## Problem to work on
Your answer must be an exact copy of the data below, minus any pictures.

## Data block
━━━━━━━━━━

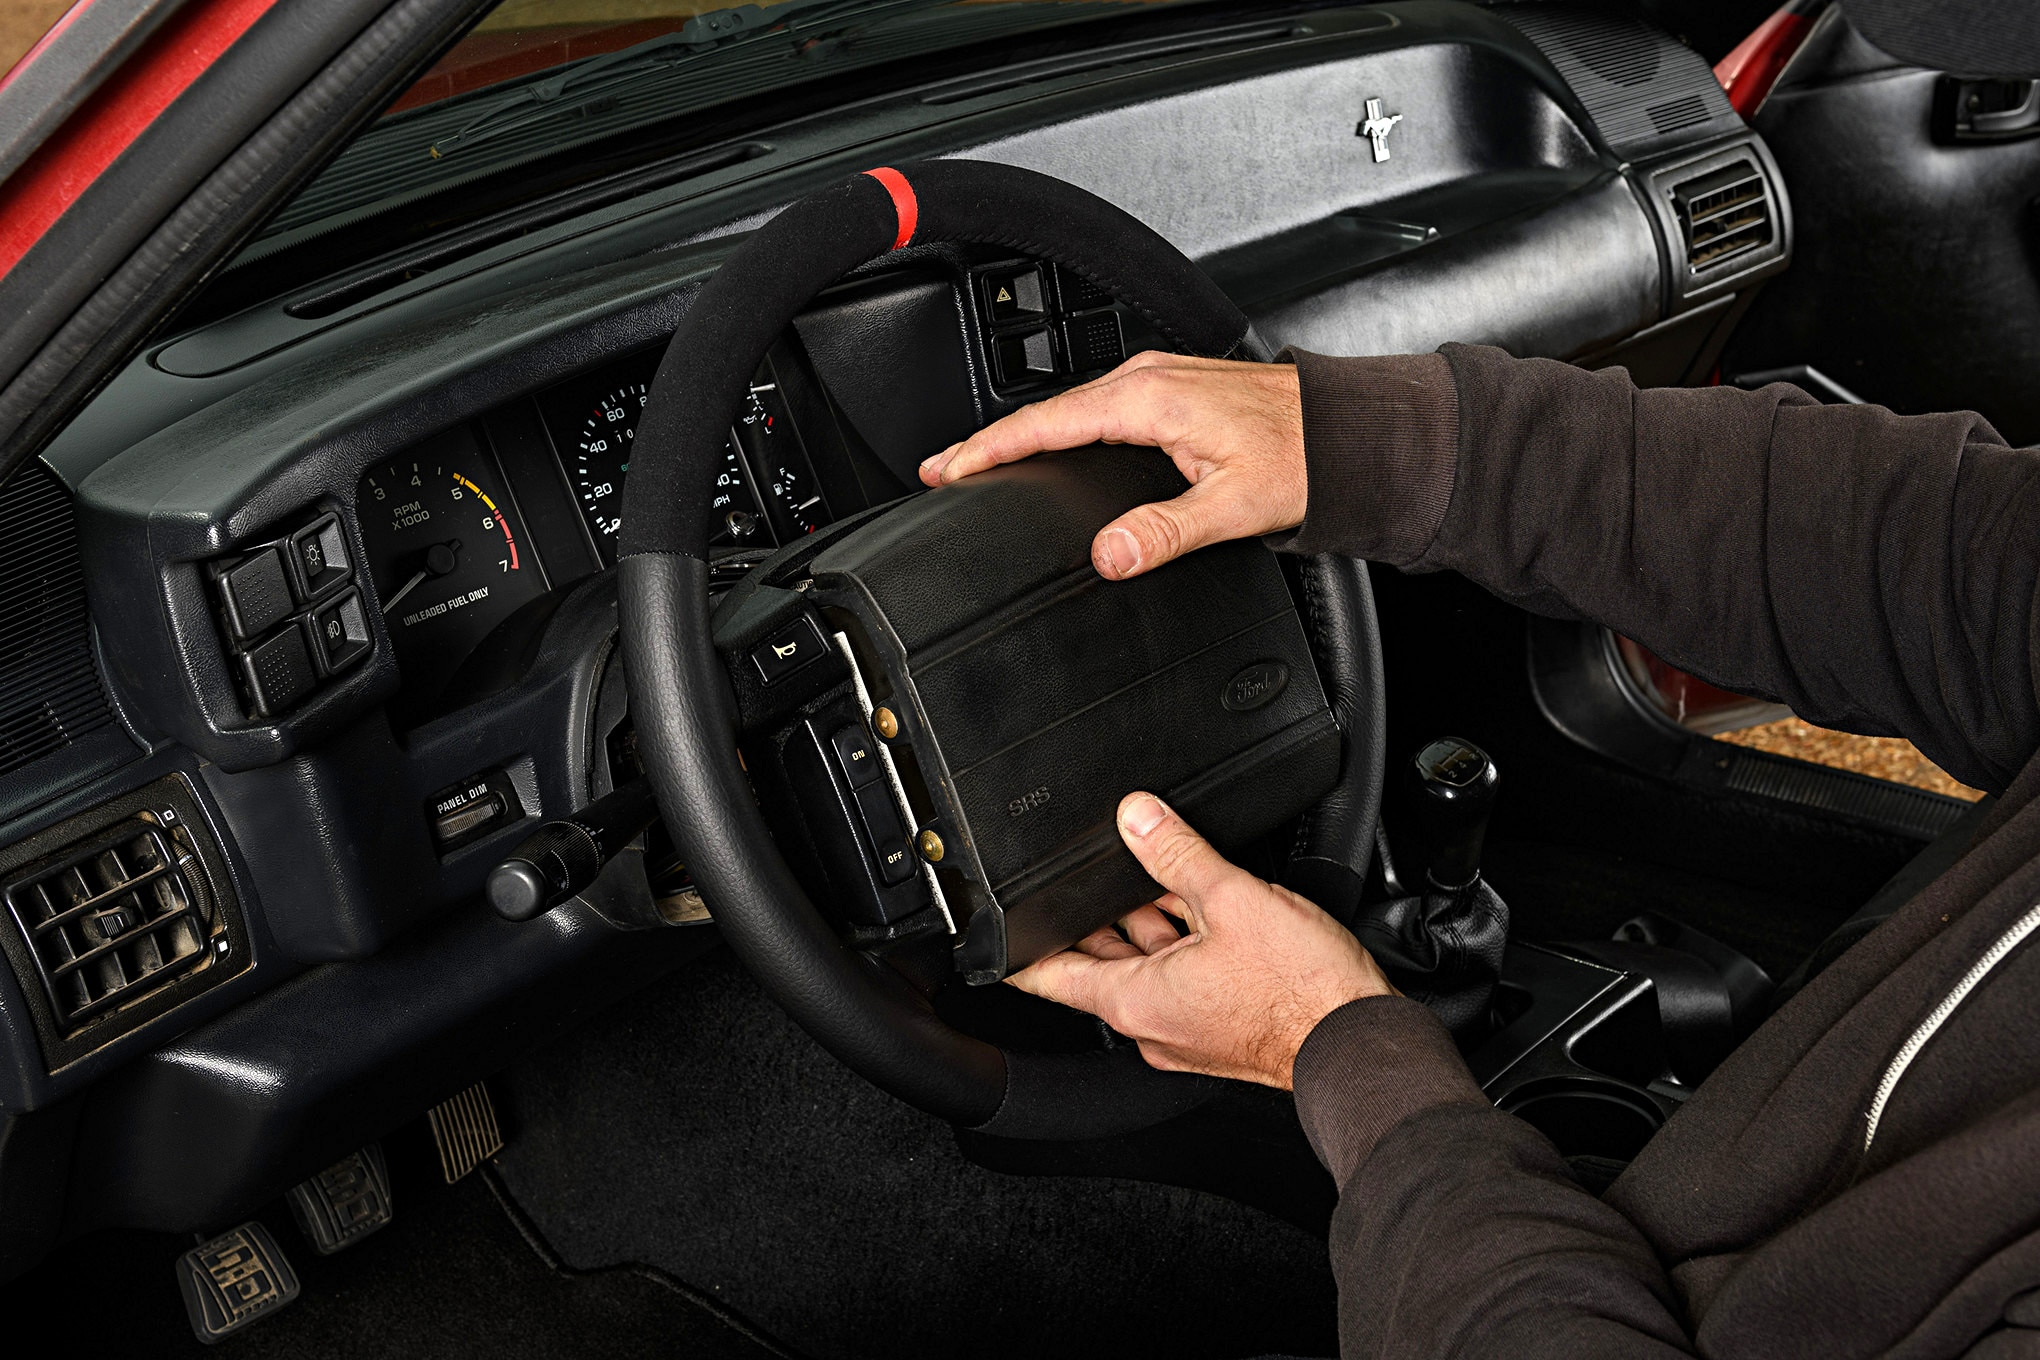 025 Mustang Steering Wheel Air Bag Installation
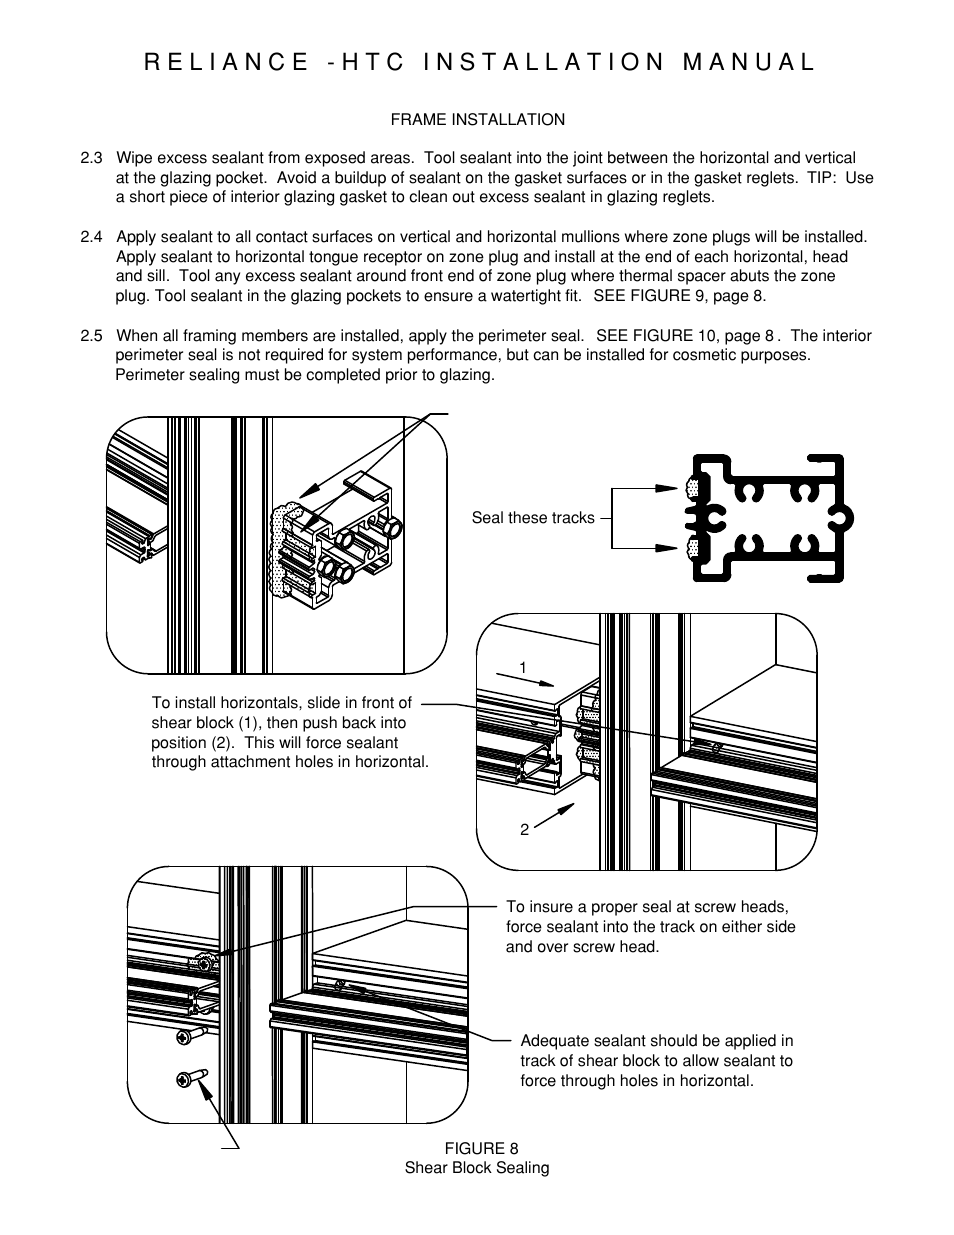 P12-shearblk-sealing | Oldcastle BuildingEnvelope Reliance
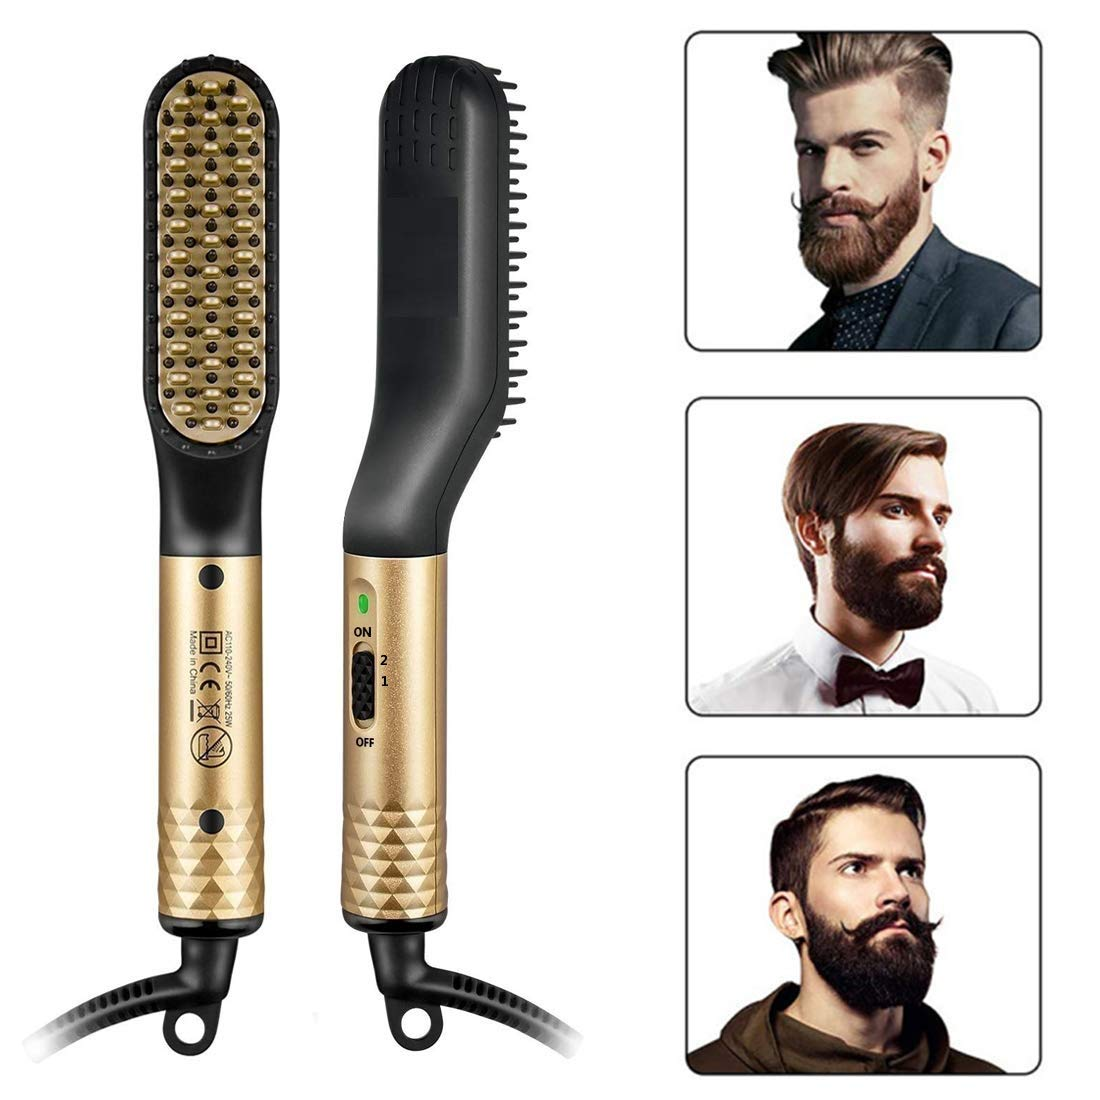 Rozia Beard Straightener Brush for Men -2 in 1 Portable Ionic Hair Straightening Brush

━━━━━━━━━━

## Answer for the task
 025 Mustang Steering Wheel Air Bag Installation
 P12-shearblk-sealing | Oldcastle BuildingEnvelope Reliance
 Rozia Beard Straightener Brush for Men -2 in 1 Portable Ionic Hair Straightening Brush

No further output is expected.